Resist the temptation of high-fat, high-calorie airport offerings by carrying your own healthful snacks.

On the Plane

Also, drink plenty of water when in the air. Hydrating is key. I recommend drinking a 16-ounce bottle of water for every two hours you’re in the air.

Don’t forget to hydrate your skin too. Bring your favorite moisturizer and slather on your face and hands. A mineral water spray is also wonderful and refreshing. When you get to your destination, your skin will thank you.

water bottles

Stay hydrated when you fly.

Finally, move about the cabin. I take a least two walks per trip. I also periodically raise and lower my heels while seated and raise my knees to my chin as an abs exercise. It may look strange, but you won’t feel like a pretzel by the end of your flight. [Also, check out Carmel’s in-flight exercises story].

At the Hotel

When you get to the hotel, your first destination should be the fitness center. If your hotel doesn’t have one, remember the world is your gym! Walk around the neighborhood and get the lay of the land. I love walking especially after a big dinner. Walking off your meal will also help you sleep better, which can be challenging in a strange bed.

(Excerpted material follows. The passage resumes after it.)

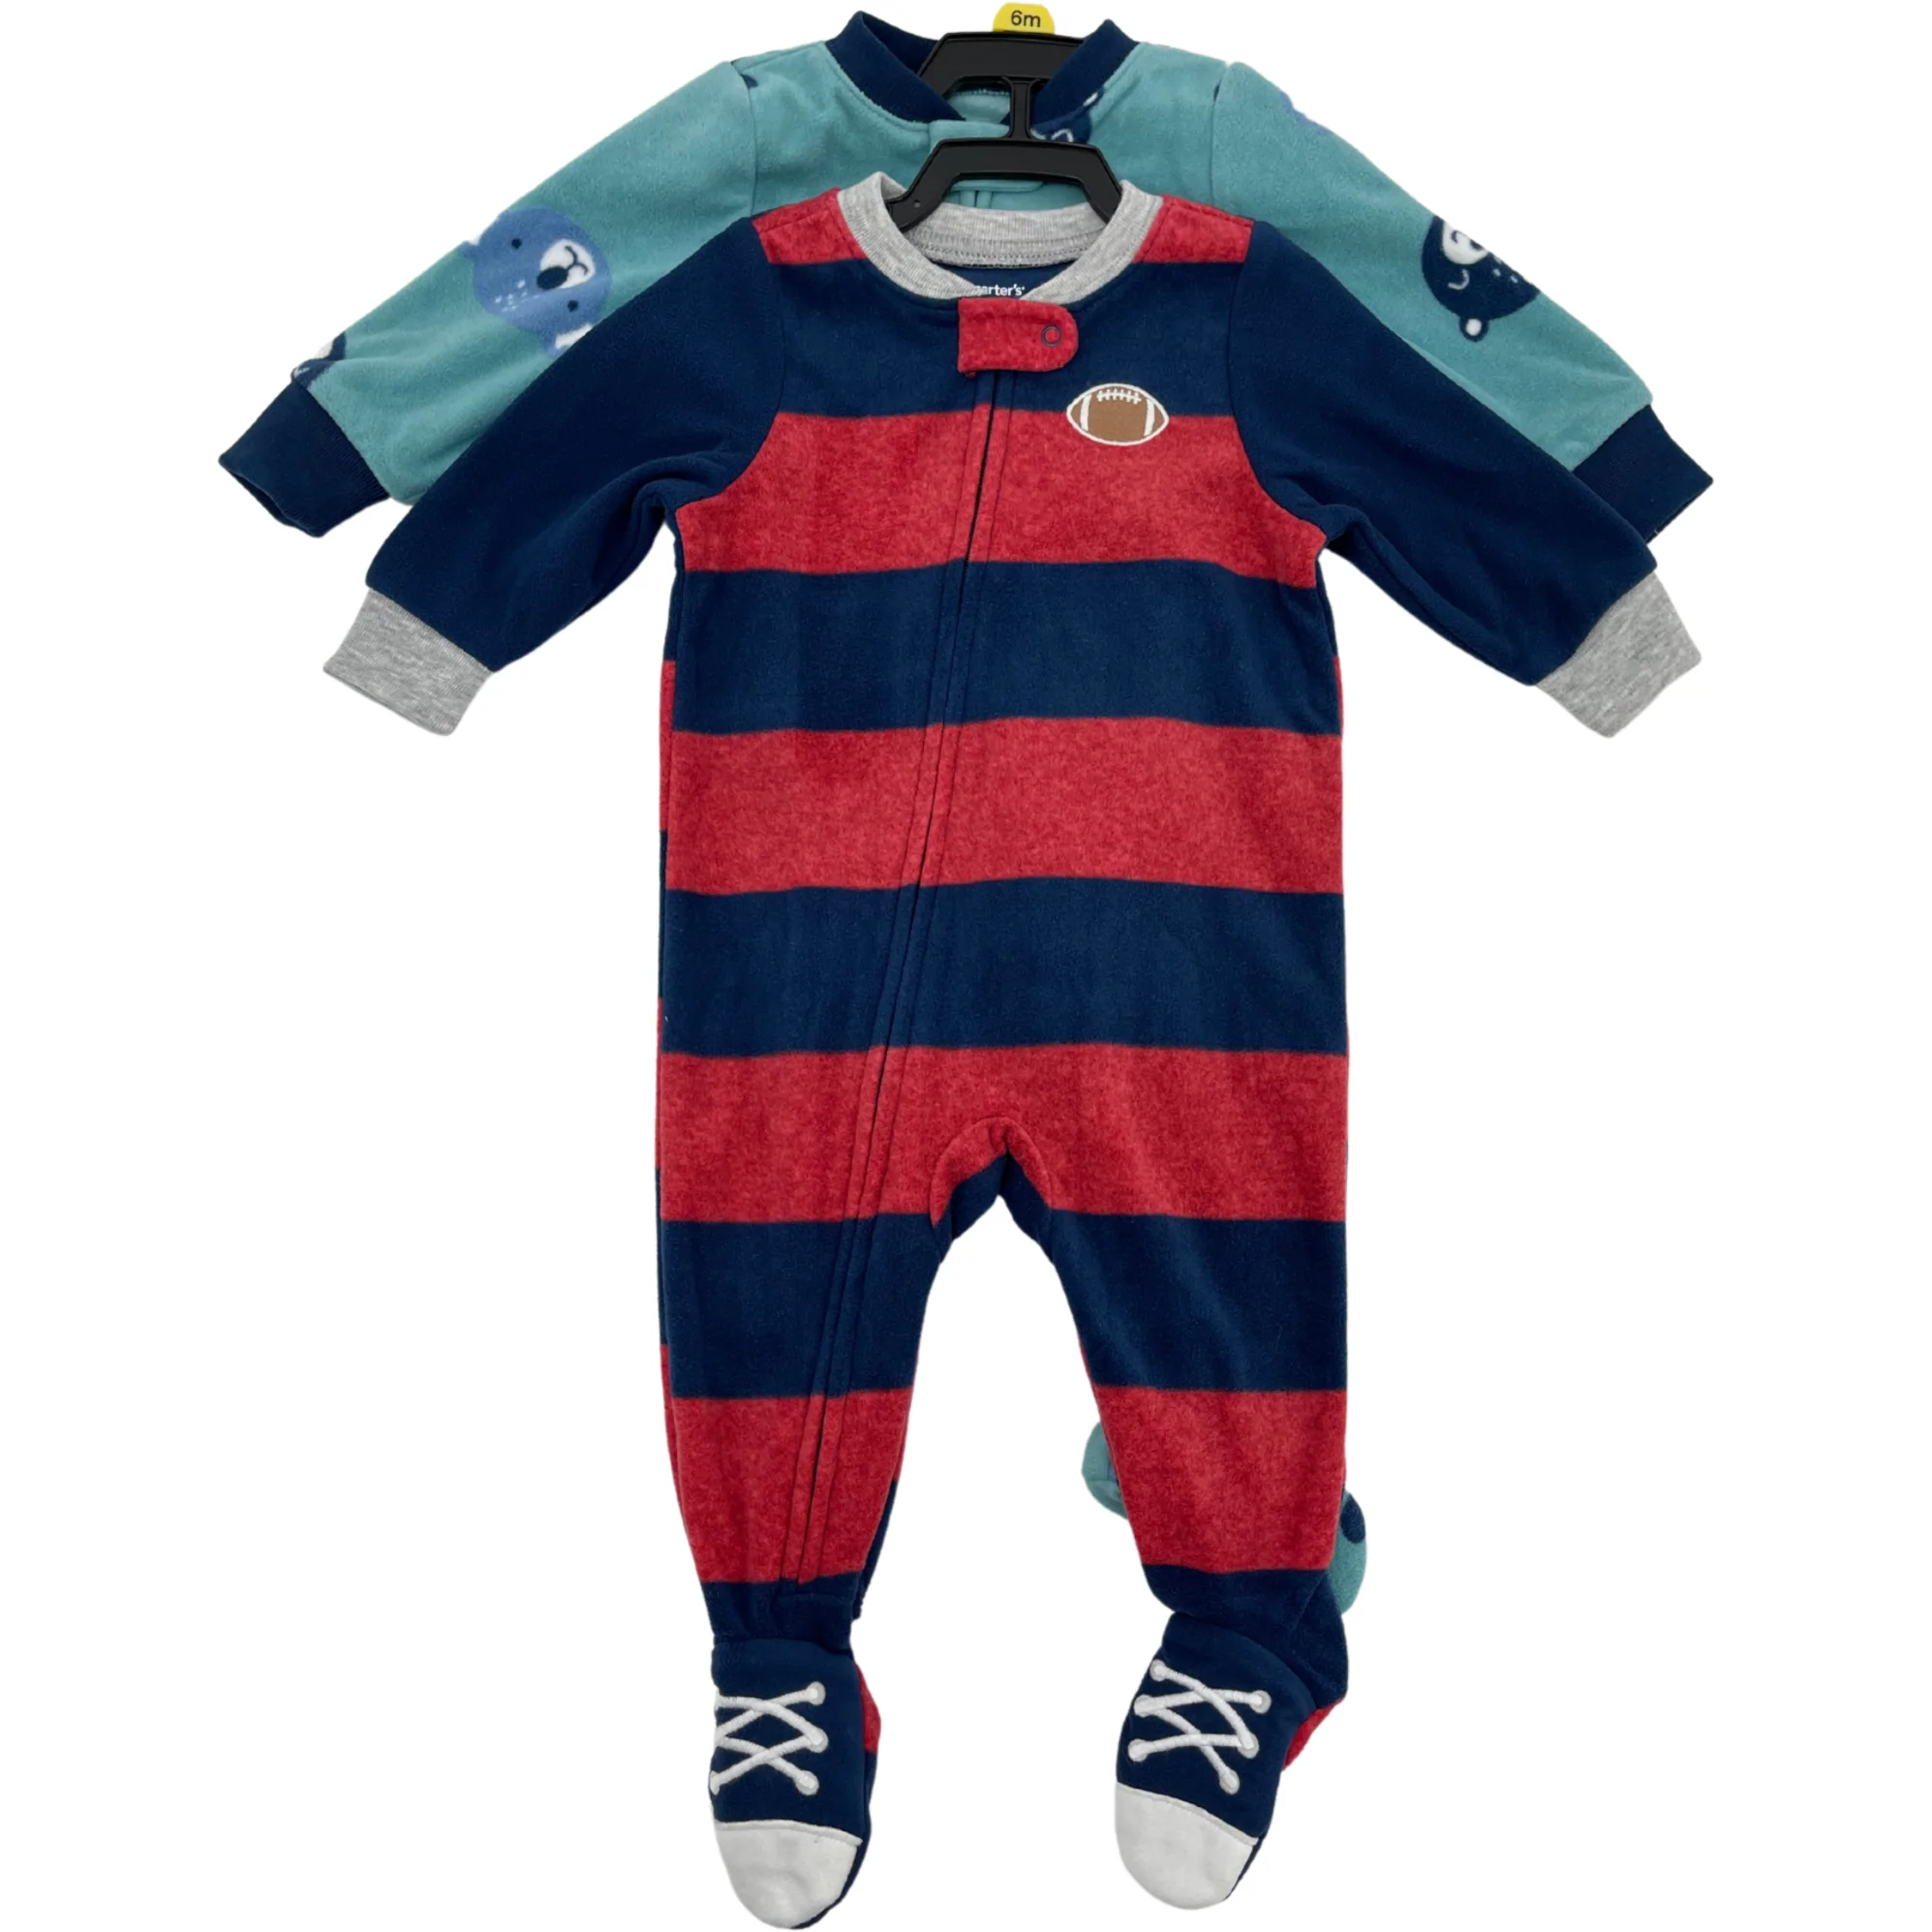 Carter's Infant Sleepers / One Piece Pyjama Set / 2 Pack / Football & Animals / Size 6 Months **No Tags**

I also have a no elevator rule, unless we are in a big city with tall buildings. Taking the stairs is the best go-to cardio at any destination.

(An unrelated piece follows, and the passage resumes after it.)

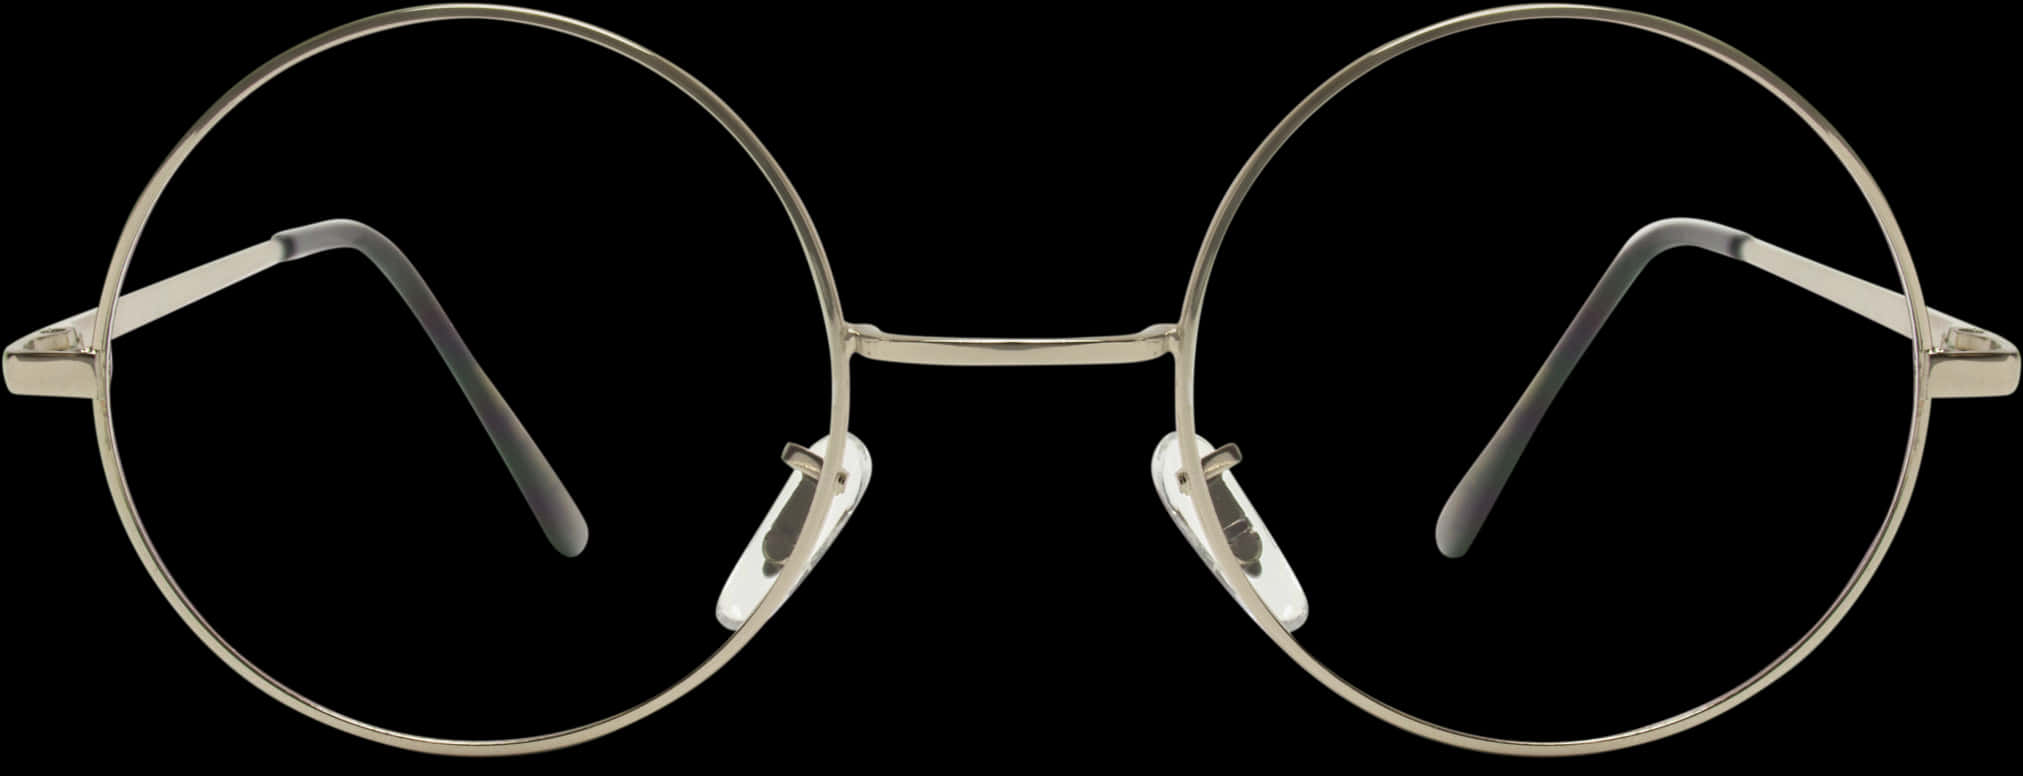 Round Metal Eyeglasses Isolated PNG

Don’t just lounge on the beach, get moving.

Also, choose vacations that include activities that keep you moving. Instead of just lounging on the beach, take a brisk walk, go horseback riding, or participate in a game of beach volleyball. I love to sail and often help crew. All the scrambling around on deck and hauling the sails up and down burns calories and helps keep me active and fit.

Getting a good night’s sleep while traveling is equally important. Some people pack their own pillow. That’s not a bad idea, but pillows take a lot of room in the suitcase. Instead, try taking along a small atomizer spray of lavender. It’s a great way to freshen up a room; plus, the beautiful scent will help lull you into a deep sleep. In the morning, spray the room with either citrus or eucalyptus to get you going again. These sprays are available online or in grocery stores like Whole Foods.

Eating Smart

Trips are full of temptations and it’s hard not to indulge in the local fare. You should take advantage of the culture and cuisine of the city or country you’re visiting, but, remember, everything in moderation! When you order, be portion-savvy and order lean meats such as chicken, fish and beef. With steaks, order the option with ‘loin’ in its name (‘loin’ = ‘lean’).

Cuban market

Local markets like this one in Cuba are great places to stock up on healthy snacks like fruit.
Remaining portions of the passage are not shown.